… und die Einsamkeit der Nummer eins
Schwester Teresa hatte bei einem Aufenthalt in Kenia diese Geschichte gehört:
Bei einem landesweiten Sportfest der Gymnasien Kenias fand auch ein Langstreckenlauf für Mädchen statt. Schon nach wenigen Runden zeichnete sich ab, dass eines der Mädchen unvergleichlich viel schneller war als die Vertreterinnen der anderen Schulen. Leichtfüßig und kraftvoll lief sie den anderen auf und davon.
Die Sportlehrer und Trainer wurden mit jedem Zwischenergebnis aufgeregter. Würde dieses unbekannte Mädchen den Landesrekord überbieten? War dies der Beginn der Karriere eines neuen »Shooting Stars«?
Als die letzte Runde eingeläutet wurde, blickte das junge Mädchen sich um und stellte fest, dass ihre Kameradinnen ganz weit zurücklagen. Statt zum Endspurt anzusetzen, begann sie auf einmal zu trödeln. Immer langsamer wurden ihre Schritte, der Abstand zu den anderen Läuferninnen schrumpfte von Sekunde zu Sekunde. »Lauf, Mädchen!«, schrien die Trainer, »lauf!« Aber sie ließ sich von der nächsten Läuferin einholen, lächelte sie an, und auch diese verlangsamte ihr Tempo. Und so kam es schließlich, dass am Ende die ganze Mädchengruppe gemeinsam die Ziellinie überquerte.
Die Trainer waren außer sich. »Bist du krank?«, fragten sie. »Nein«, sagte das Mädchen. »Hattest du Muskelkrämpfe?« »Nein.« »Du hättest einen neuen Landesrekord erringen können! Du hast das Zeug zu einer ganz großen Karriere! Warum hast du deinen Sieg verschenkt?« »Es war so langweilig da vorne«, sagte das Mädchen. »Es macht viel mehr Spaß, gemeinsam mit den anderen zu laufen.«
Da waren die Trainer sprachlos.
Die Geschichte von dem kenianischen Mädchen erscheint fast unglaublich, denn sie geht gegen alles, was uns als das einzig Richtige präsentiert wird. Wer das Zeug hat, die Nummer eins zu sein, soll mit aller Kraft danach streben! Wer seine Haut nicht möglichst Gewinn bringend zu Markte trägt, gilt als töricht. Und wer nicht die nötige Härte gegen die Konkurrenz besitzt, ist eben kein richtiger Siegertyp.

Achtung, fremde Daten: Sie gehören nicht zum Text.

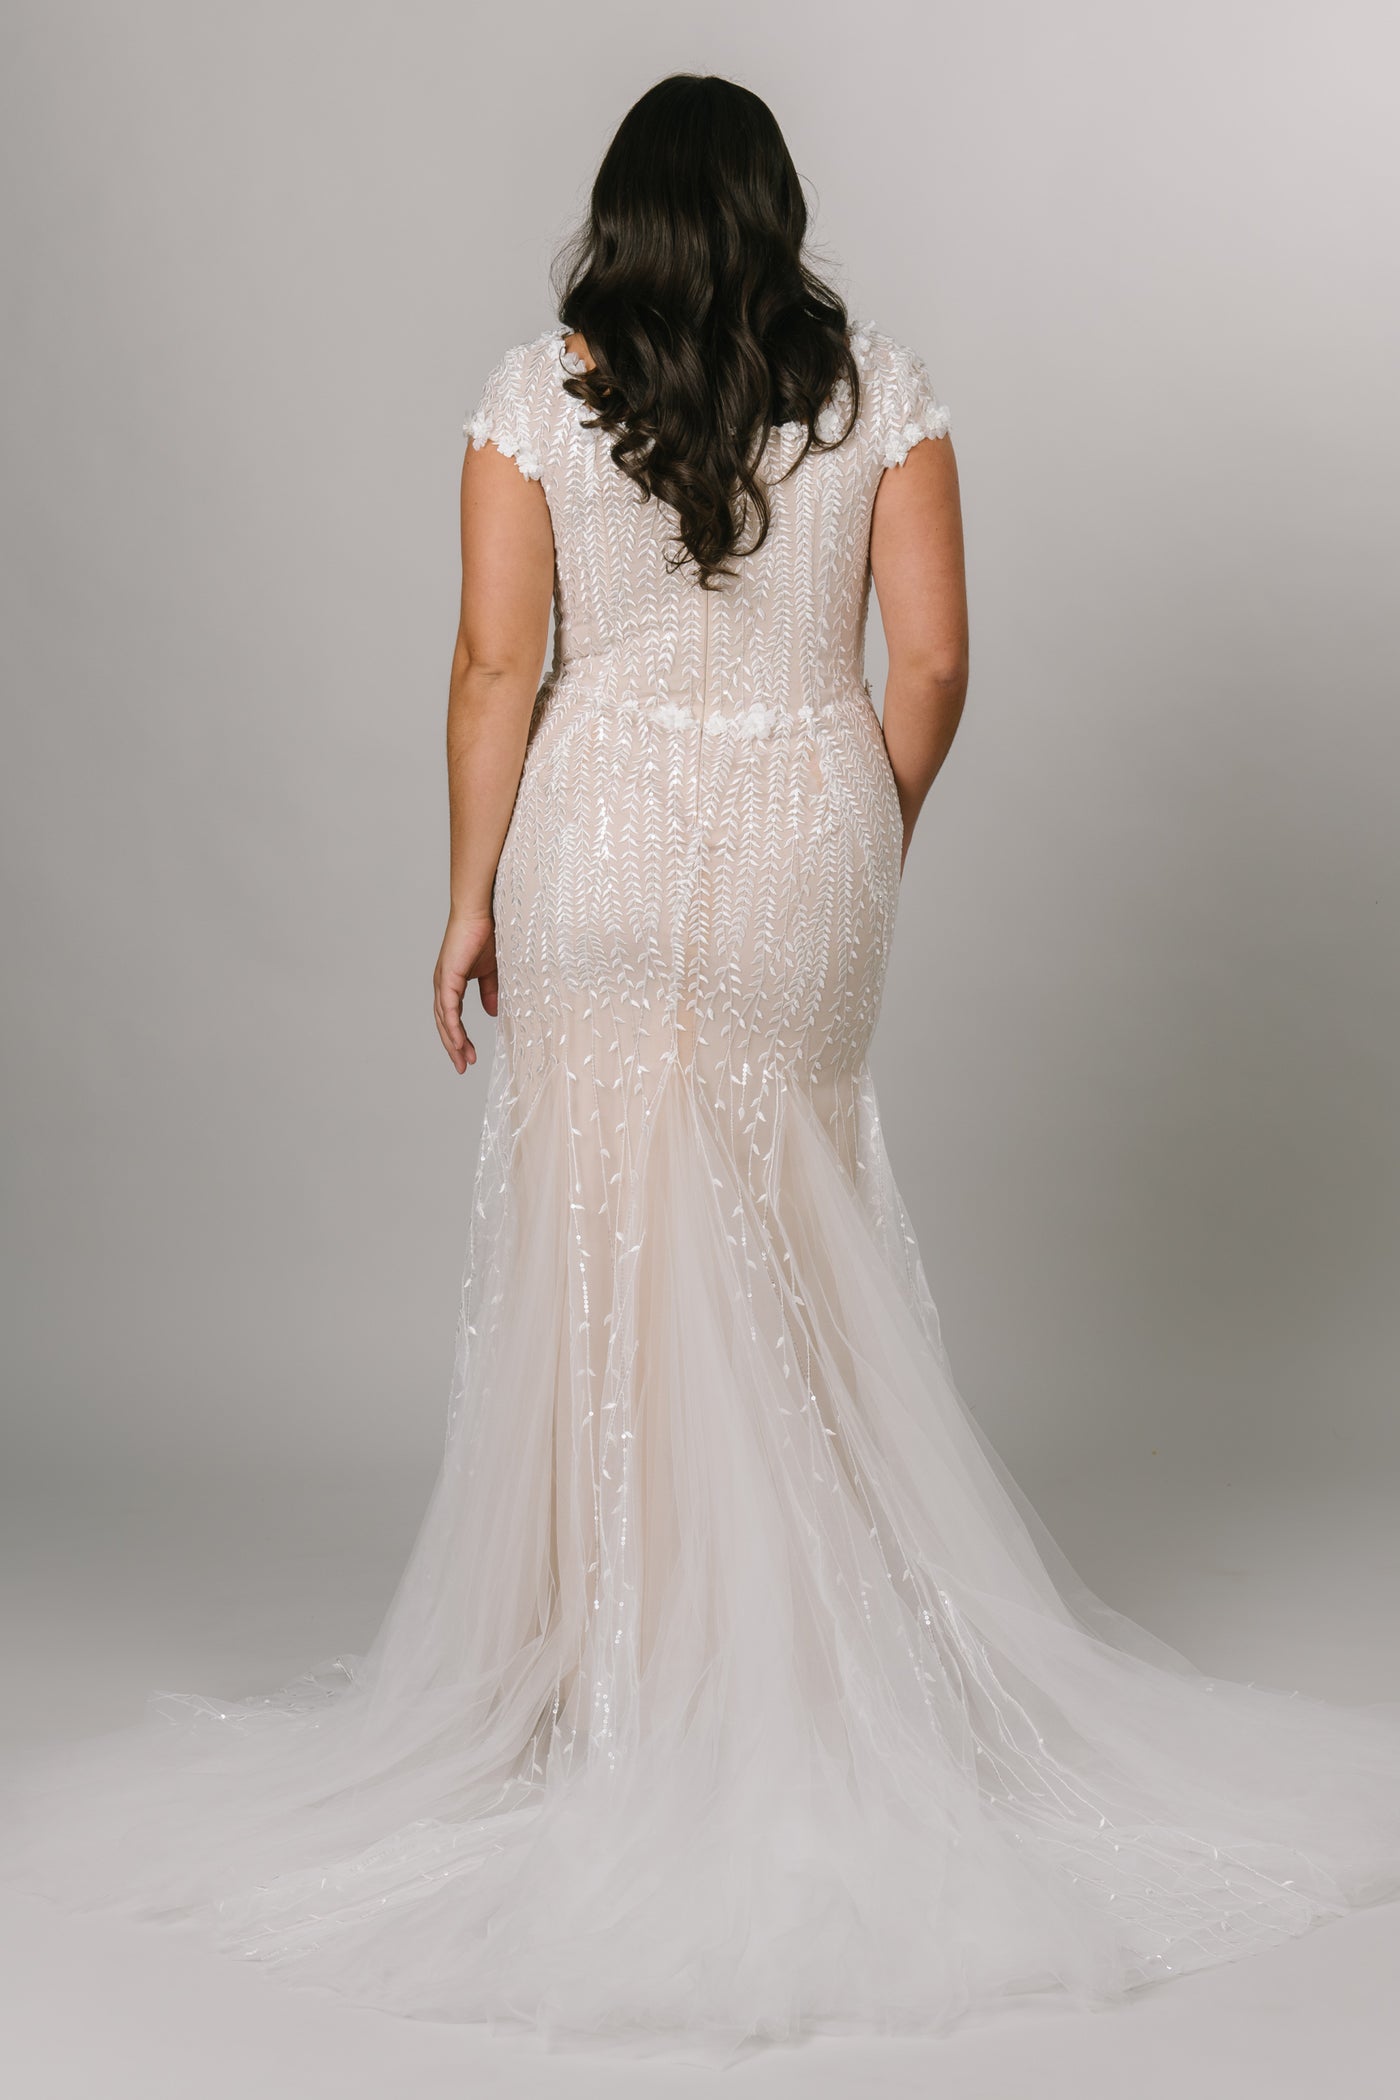 Plus size modest wedding dress, fitted silhouette with a square neckline. Champagne color underlining color with a delicate lace overtop.

Überall werden wir auf diese Maxime getrimmt.
Die Medien sind ständig auf der Suche nach dem neuen »Supertalent«, nach dem »neuen Gesicht«, nach dem »Megastar«.

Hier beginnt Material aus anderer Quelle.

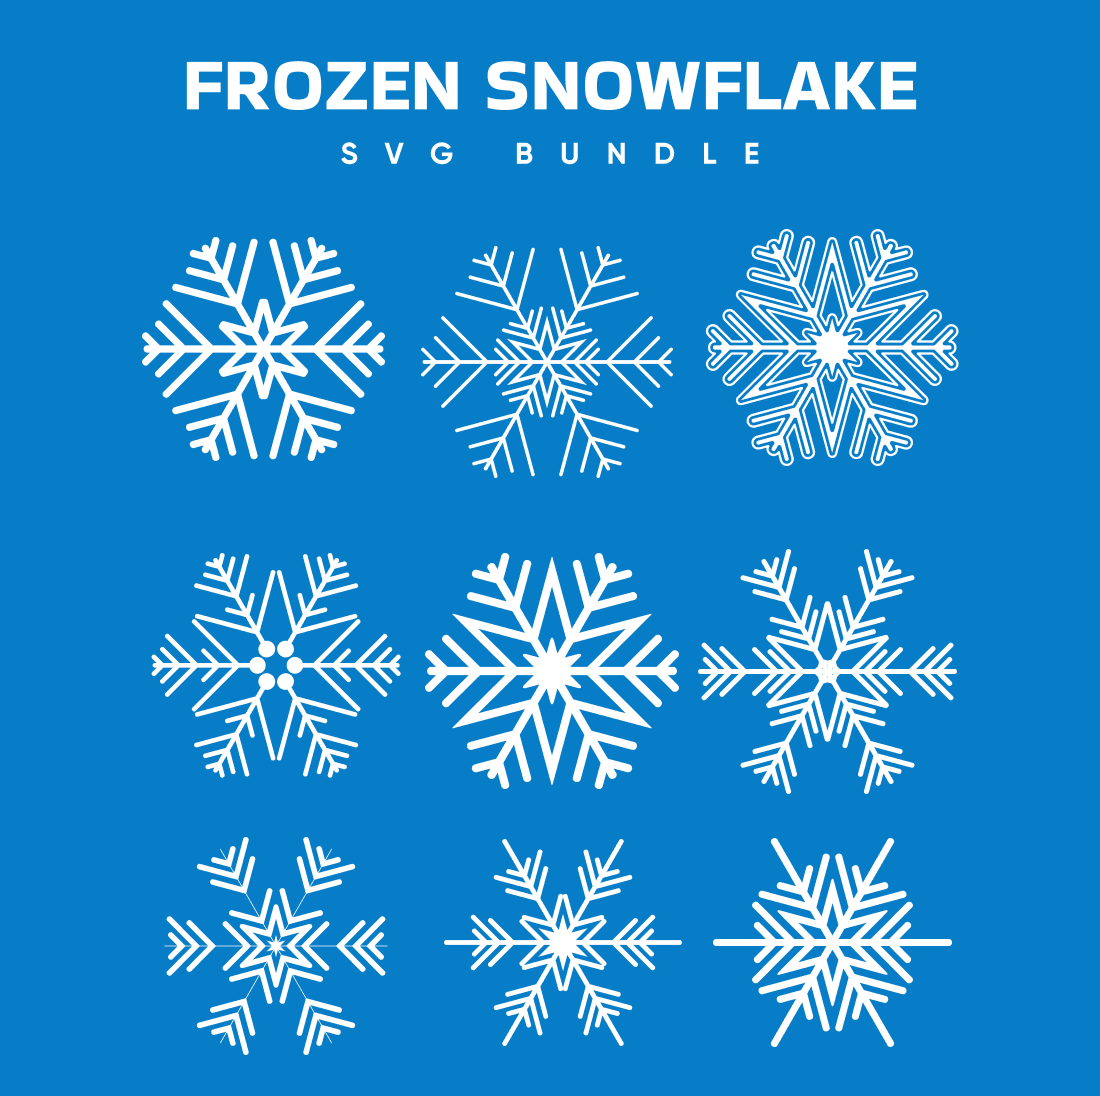 Frozen Snowflake SVG - main image preview.

Die Schulen schauen nur auf die Leistung, und im Sport gilt nur noch: schneller, höher, weiter, besser!
Dabei sein ist alles, das war das Motto der Olympischen Spiele. Das junge Mädchen aus Kenia hat es instinktiv beherzigt. Sie hatte ihre Begabung demonstriert, aber die Gemeinschaft mit den Kameradinnen war ihr wichtiger als ein überlegener Sieg.

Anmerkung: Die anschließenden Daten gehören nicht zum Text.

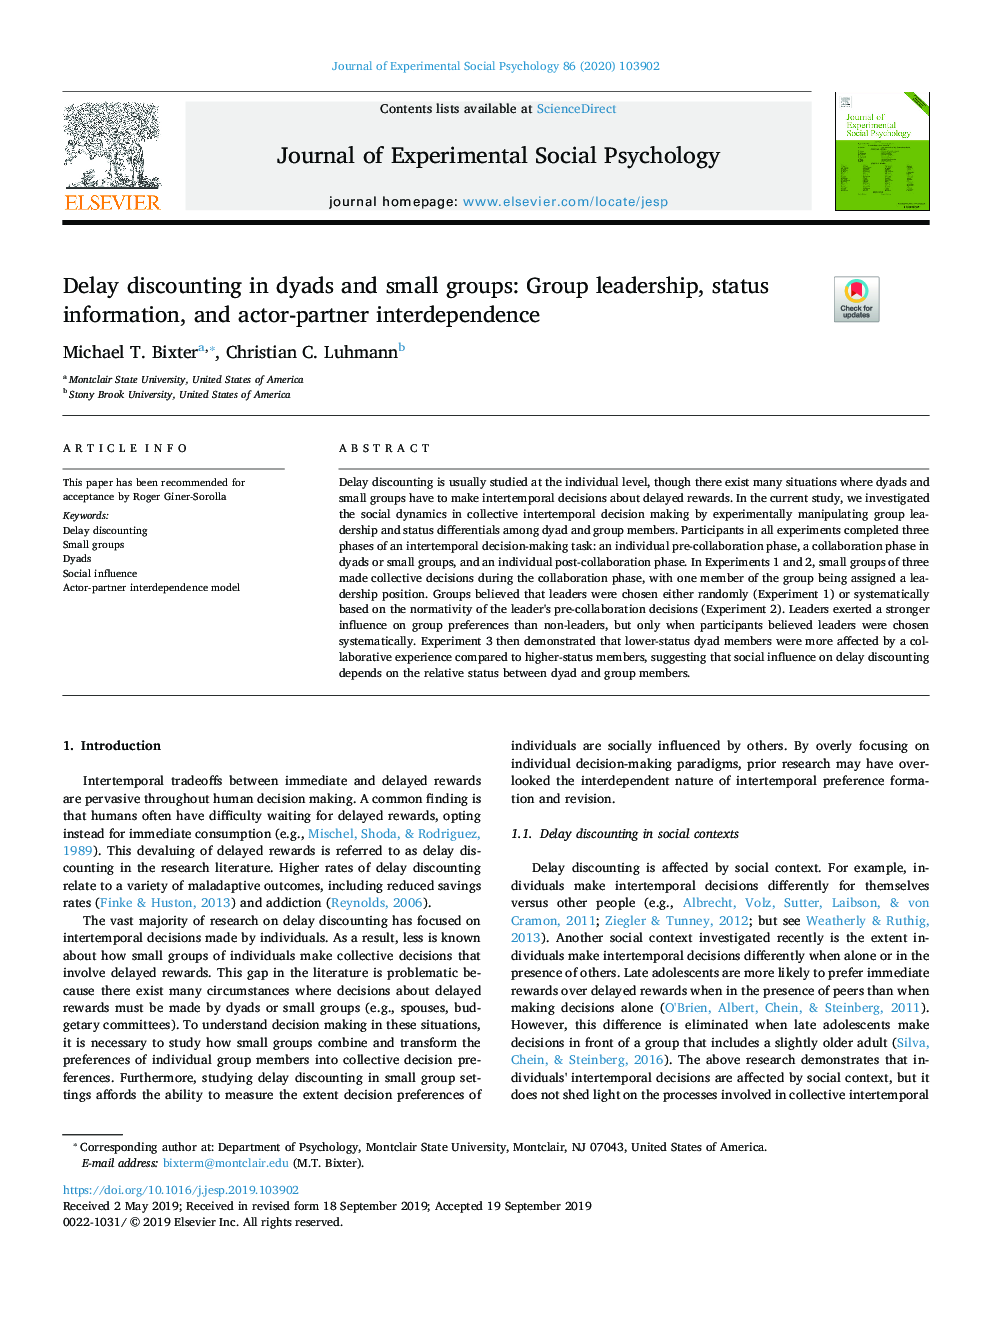 Delay discounting in dyads and small groups: Group leadership, status information, and actor-partner interdependence

Das Mädchen aus Kenia ahnte, wie einsam und kalt es wird, wenn man allein ganz oben steht. Das diese Vormachtstellung teuer bezahlt werden muss, nämlich mit dem Verlust an Gemeinschaft, Nähe und Freundschaft.
Wettbewerb ist nur eine Seite. Genauso wichtig sind Kooperation und Mitgefühl.